Intellectual efforts to grapple with the nature of transdisciplinarity in its relation to knowledge sit alongside an awareness of deficiency in a traditional educational organization (Gibbs 2021; Barnett 2022; Green 2022). Barnett’s (2022) statement that ‘knowledge has retained a separateness even while it has understood itself as a machine through which humanity can exercise control over and an exploitation of the world’ suggests an intractable difficulty in navigating the space between conceptual categories, human understanding, and ecological flourishing.

We argue that this space is tractable through new perspectives on the relationship between technology and education and their effects on, and relationship with, their environment. Rather than focus on the categories of knowledge or technology, we instead focus on the effects of increasing specialization and technological proliferation on the environment. The digital world of the 1990s which Lauer’s questions addressed have, we suggest, been replaced with deeper postdigital questions concerning organic adaptative processes that react to environmental ambiguity and the manifest knottiness of digital logic which feeds back on political, social, educational, and biological concerns. The resulting environmental uncertainty often produces pathological defensiveness and institutional conservatism. However, it also creates the conditions for inquiry and dialogue.

We argue that these processes drive the digitalization agenda and feed the conservatism of the existing education system. Moreover, it seems that the world is becoming more uncertain and less predictable: not only by the increasing oscillation of weather dynamics, economic systems, and global disease but most recently the tragic geopolitical madness which ultimately has ended the collaboration that produced the current work. So our question can be framed: if we can understand the dynamics of uncertainty, is there a way of restructuring human relations around it so that the human dialogical relations that are central to learning can regulate rather than exacerbate uncertainty?

This requires:

  1. 1.

    An operationalizable theory of uncertainty and learning;

  2. 2.

    A pedagogical and organizational design for a metacurriculum;

  3. 3.

    A method for examining the dynamics of this design relating it back to theoretical principles.

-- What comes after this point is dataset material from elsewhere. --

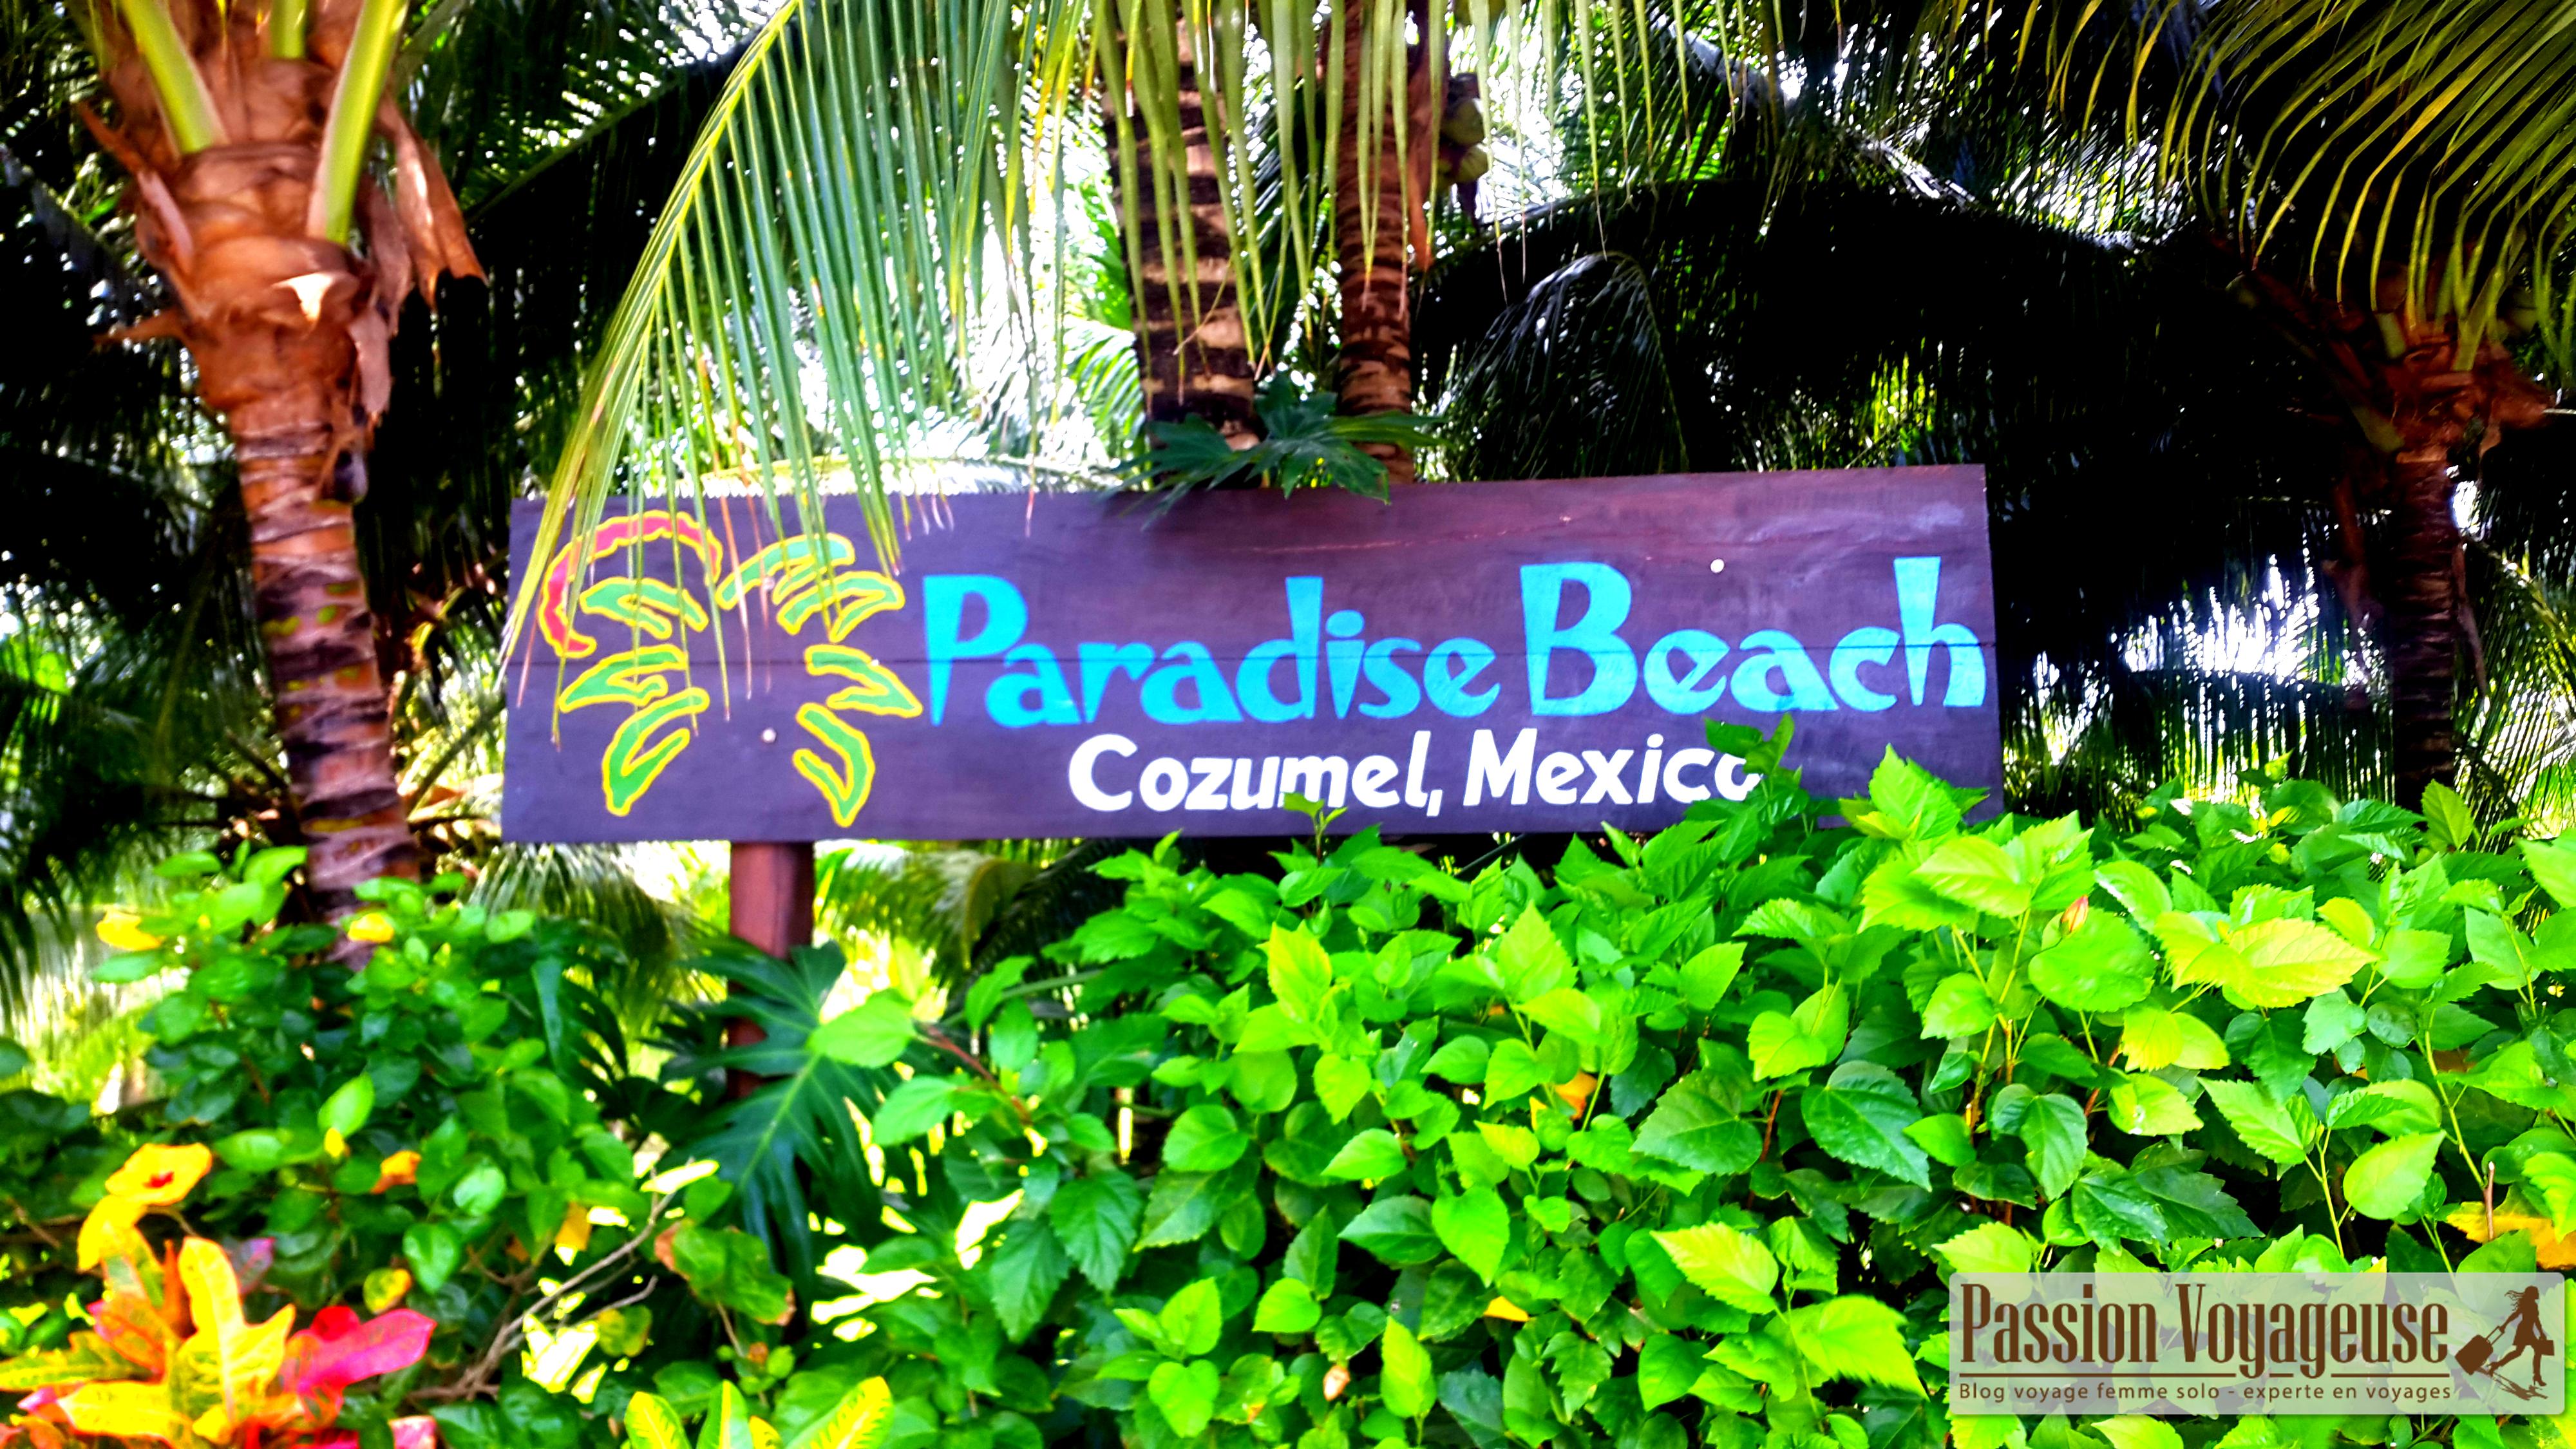 Cozumel plages hotel mexique paradise beach

To address 1, we draw on systems theory and cybernetics. Our approach to a metacurriculum partly echoes Lauer’s (1996) ideas about asking questions across the curriculum: teaching students to think in a transdisciplinary way, reflecting on their learning, while also introducing them to concepts around technology which present transdisciplinary connections. However, we differ from earlier approaches to a metacurriculum in considering that the educational challenge is now postdigital and uncertain. In place of a 1990s view of technology as instrumental to self-directed learning, we see technology as a fundamental contributing factor to the complexification of the environment to which learners, teachers, and institutions have to adapt. Since human development is intrinsically connected to the environment, we suggest that a metacurriculum is an acknowledgement that technology (digital or otherwise) is intrinsically connected to thinking and learning, much in the way that some philosophers of technology relate processes of ‘individuation’ to technology (Simondon 2016; Hui 2019).

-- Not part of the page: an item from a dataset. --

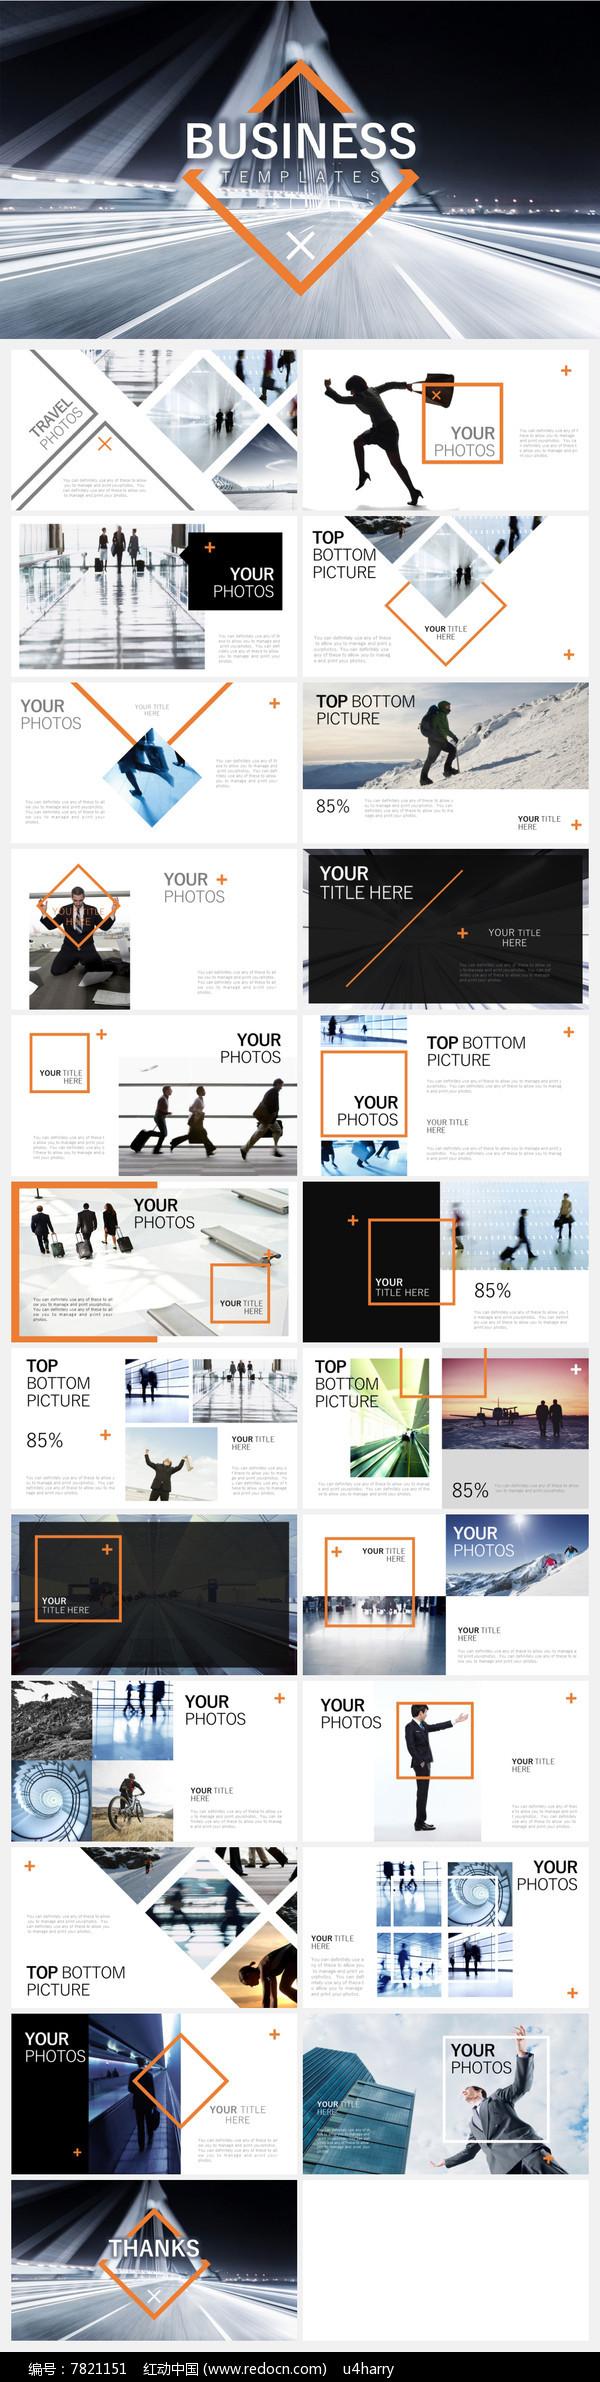 欧美时尚大气画册风格排版商务PPT模板图片

In the context of this, a course was developed at the School of Economics and Management at the Far Eastern Federal University in Vladivostok, Russia. The school runs a range of Master’s programs with a yearly intake of about 250 students per year. In recognizing that these students left the university with little exposure to current and emerging science and technology, a project was created to design and run a transdisciplinary program which came to be called ‘Global Scientific Dialogue’.Footnote 1

Uncertainty and Postdigital Digitalization

The confidence in progress promoted by early digital pioneers (particularly in education) has been overshadowed by increasing uncertainty around technology in education and the manifest complexity of its social impact. The concept of the postdigital points to this relationship between technology and uncertainty, not least in the difficulty of finding a term which conveys the ‘messy and paradoxical condition of art and media after digital technology revolutions’ (Anderson et al. 2014). One way of characterizing this is to measure the proliferation of technological options, which must (as with all proliferation) lead to increasing difficulty in choosing and coordinating effective action. Whether technology is seen as an ‘extension’ of existing capabilities (McLuhan 2012), amplifications (Illich 2001), reordering of nature (Heidegger 1978), or changes to the means of production and social relations (Marx 1990), an additional option means that the complexity of choosing whether to use a new method or stick with the old method increases.

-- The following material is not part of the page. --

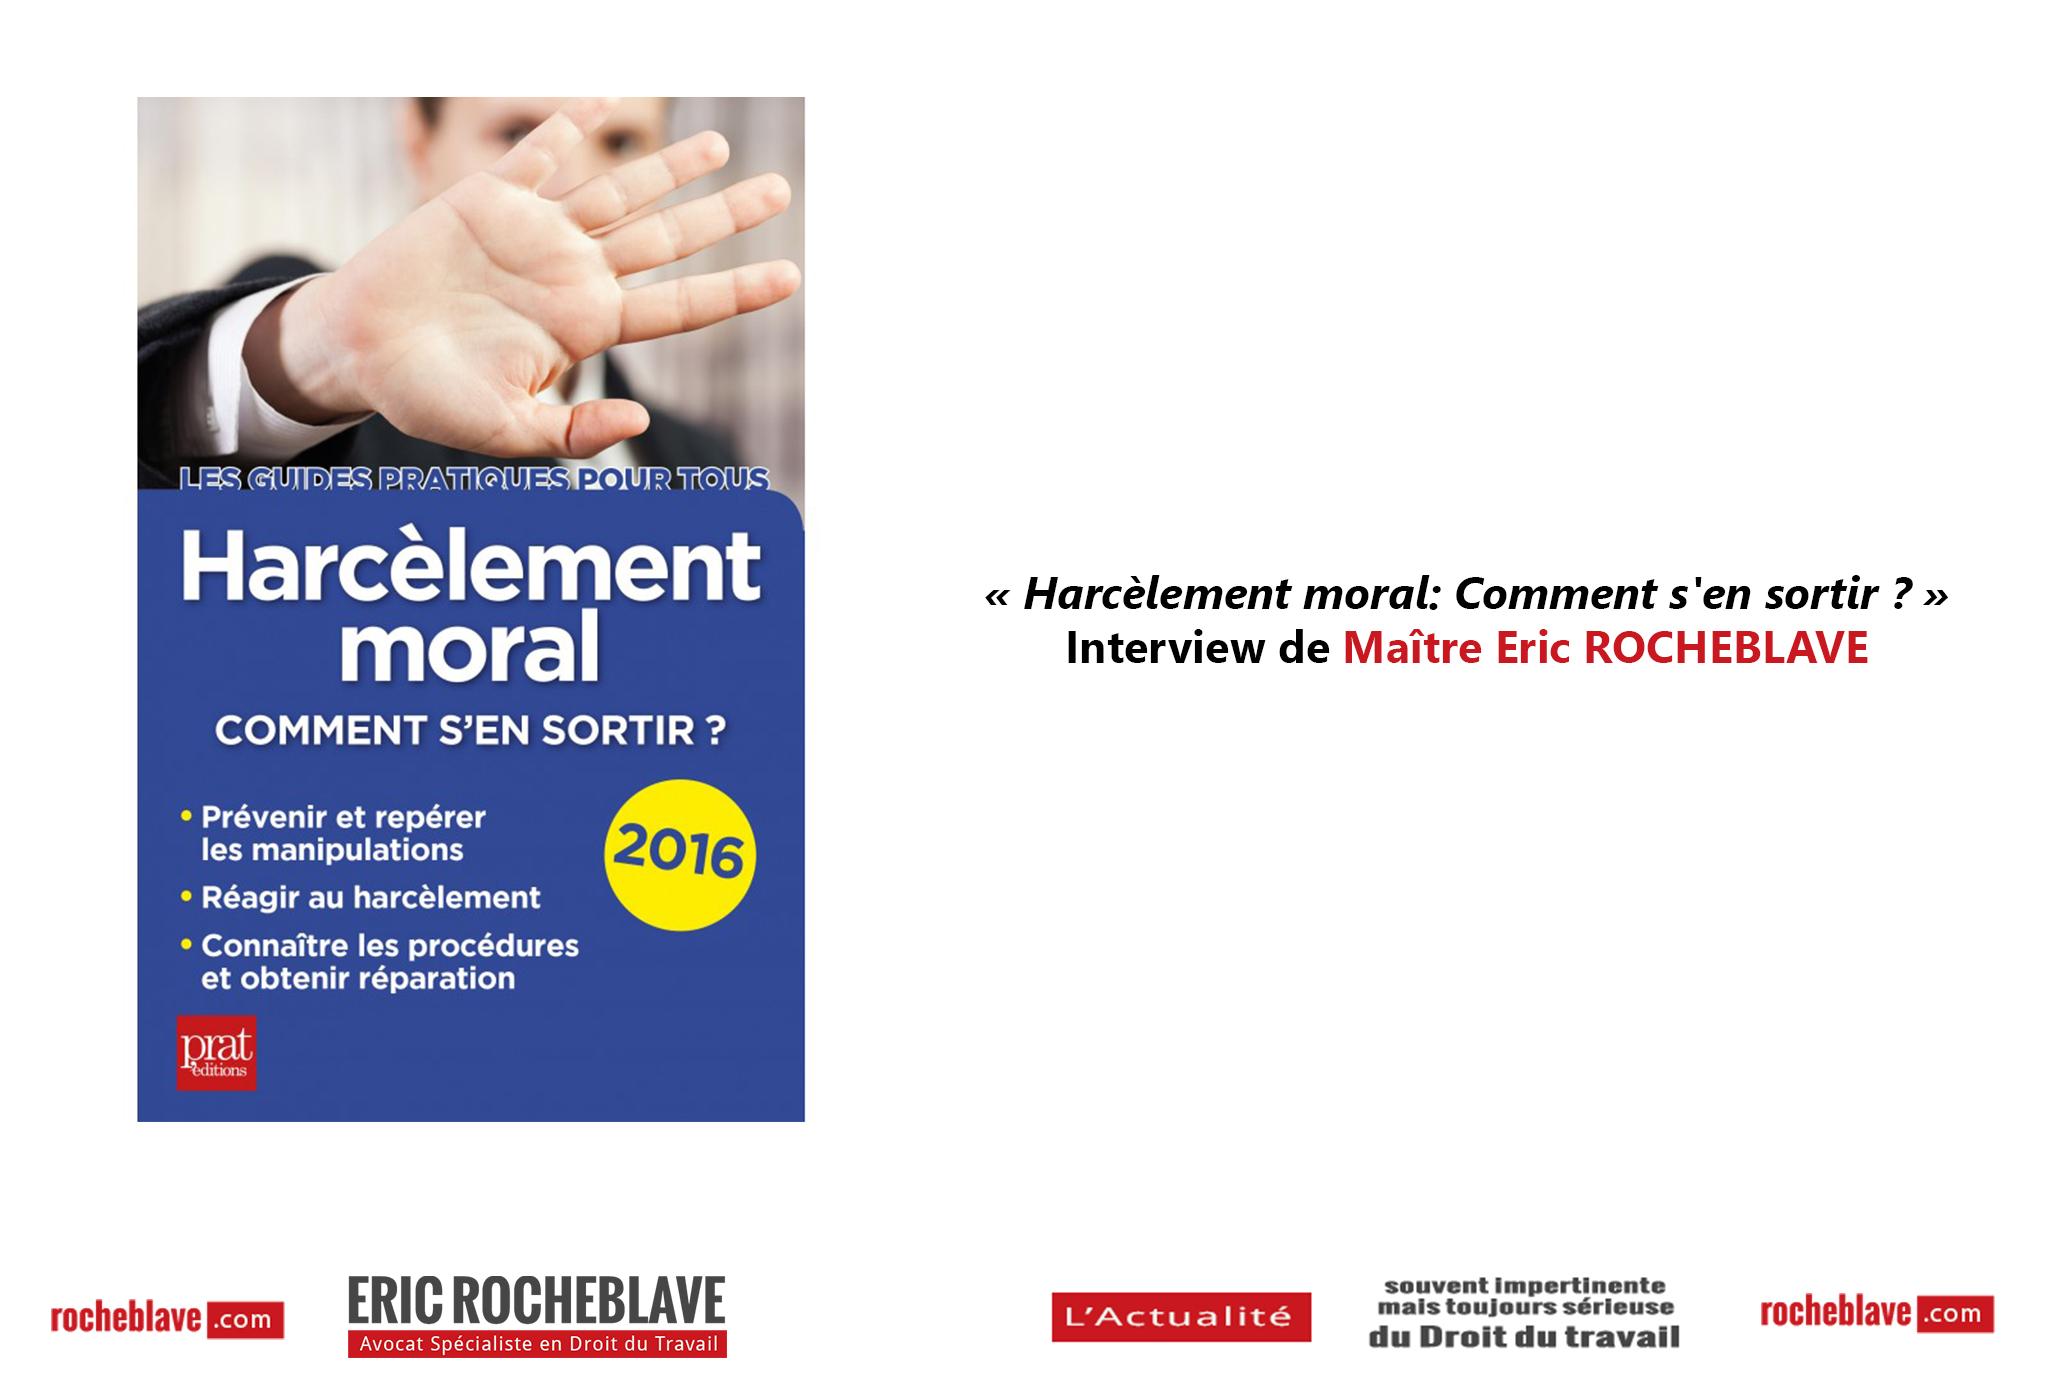 « Harcèlement moral: Comment s'en sortir ? » Interview de Maître Eric ROCHEBLAVE

Leydesdorff (2021) has recently pointed to the relationship between this increase in technological options, and the increase in ‘maximum entropy’ in the social system, citing evidence from ecology (Brooks and Wiley 1988). In the face of the explosion of technology in the environment produced by the Internet, AI, and social media, the challenge for individuals is to ask: which options do I choose to organize myself effectively? Equally, universities must ask: which options do we choose to maintain coherence and viability within our institution? The institutional response, fearing the chaos of personal technological choice, can result in the removal of technological options from teachers and students. While this makes the institutional technological environment manageable, the risk is that institutional decisions (for example, prohibiting the use of certain tools) weigh on educational practices typified by exasperated responses by individuals such as: why can’t we just use Google docs?

In the wake of this technologically induced uncertainty, universities, governments, and schools have been promoting ‘digitalization’ on the curriculum, alongside skills such as ‘computational thinking’ (Wing 2008). However, efforts to instill this or even to define it have proved challenging (Lye and Koh 2014; Weintrop et al. 2016; Shute et al. 2017). The focus of such efforts often involves teaching technical skills within the established frameworks of the traditional curriculum. Our uncertainty perspective looks beyond this, and to the challenges that face any teacher or learner in the face of increasing technological options and environmental complexity. In the push for teaching new skills, the space for dialogue to negotiate this uncertainty is crowded out by a continual exhortation of ‘future skills’, yet without recognition that all teachers and learners face similar dilemmas in navigating complexity. Exhortation or imposition of new requirements is likely to exacerbate the problem.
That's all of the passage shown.